──────── Listed entries ────────
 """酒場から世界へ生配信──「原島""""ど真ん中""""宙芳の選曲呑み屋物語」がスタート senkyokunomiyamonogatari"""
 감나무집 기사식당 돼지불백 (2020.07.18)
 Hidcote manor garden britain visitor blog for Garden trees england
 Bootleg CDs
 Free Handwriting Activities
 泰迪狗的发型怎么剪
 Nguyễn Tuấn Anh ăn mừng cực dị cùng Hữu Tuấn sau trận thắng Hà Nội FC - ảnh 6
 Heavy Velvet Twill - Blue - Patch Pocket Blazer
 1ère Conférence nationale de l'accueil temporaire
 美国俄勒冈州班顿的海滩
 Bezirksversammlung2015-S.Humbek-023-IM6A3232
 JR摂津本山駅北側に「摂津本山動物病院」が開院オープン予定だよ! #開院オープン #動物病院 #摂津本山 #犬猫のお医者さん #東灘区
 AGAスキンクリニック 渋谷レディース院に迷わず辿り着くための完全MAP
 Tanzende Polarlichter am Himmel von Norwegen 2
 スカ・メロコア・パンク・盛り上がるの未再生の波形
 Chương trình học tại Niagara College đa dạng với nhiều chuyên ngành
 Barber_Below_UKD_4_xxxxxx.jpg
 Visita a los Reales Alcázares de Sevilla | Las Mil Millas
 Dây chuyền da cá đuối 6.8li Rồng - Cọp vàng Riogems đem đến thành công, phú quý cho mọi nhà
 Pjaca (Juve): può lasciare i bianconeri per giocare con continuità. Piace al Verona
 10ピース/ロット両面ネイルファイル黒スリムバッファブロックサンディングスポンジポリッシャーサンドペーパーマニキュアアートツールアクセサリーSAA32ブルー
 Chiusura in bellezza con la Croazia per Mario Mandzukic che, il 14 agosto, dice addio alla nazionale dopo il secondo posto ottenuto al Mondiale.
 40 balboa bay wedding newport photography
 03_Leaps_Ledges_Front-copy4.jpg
────────
Task instructions – For this exercise, give every entry again exactly as it appears.

Solution below –
 """酒場から世界へ生配信──「原島""""ど真ん中""""宙芳の選曲呑み屋物語」がスタート senkyokunomiyamonogatari"""
 감나무집 기사식당 돼지불백 (2020.07.18)
 Hidcote manor garden britain visitor blog for Garden trees england
 Bootleg CDs
 Free Handwriting Activities
 泰迪狗的发型怎么剪
 Nguyễn Tuấn Anh ăn mừng cực dị cùng Hữu Tuấn sau trận thắng Hà Nội FC - ảnh 6
 Heavy Velvet Twill - Blue - Patch Pocket Blazer
 1ère Conférence nationale de l'accueil temporaire
 美国俄勒冈州班顿的海滩
 Bezirksversammlung2015-S.Humbek-023-IM6A3232
 JR摂津本山駅北側に「摂津本山動物病院」が開院オープン予定だよ! #開院オープン #動物病院 #摂津本山 #犬猫のお医者さん #東灘区
 AGAスキンクリニック 渋谷レディース院に迷わず辿り着くための完全MAP
 Tanzende Polarlichter am Himmel von Norwegen 2
 スカ・メロコア・パンク・盛り上がるの未再生の波形
 Chương trình học tại Niagara College đa dạng với nhiều chuyên ngành
 Barber_Below_UKD_4_xxxxxx.jpg
 Visita a los Reales Alcázares de Sevilla | Las Mil Millas
 Dây chuyền da cá đuối 6.8li Rồng - Cọp vàng Riogems đem đến thành công, phú quý cho mọi nhà
 Pjaca (Juve): può lasciare i bianconeri per giocare con continuità. Piace al Verona
 10ピース/ロット両面ネイルファイル黒スリムバッファブロックサンディングスポンジポリッシャーサンドペーパーマニキュアアートツールアクセサリーSAA32ブルー
 Chiusura in bellezza con la Croazia per Mario Mandzukic che, il 14 agosto, dice addio alla nazionale dopo il secondo posto ottenuto al Mondiale.
 40 balboa bay wedding newport photography
 03_Leaps_Ledges_Front-copy4.jpg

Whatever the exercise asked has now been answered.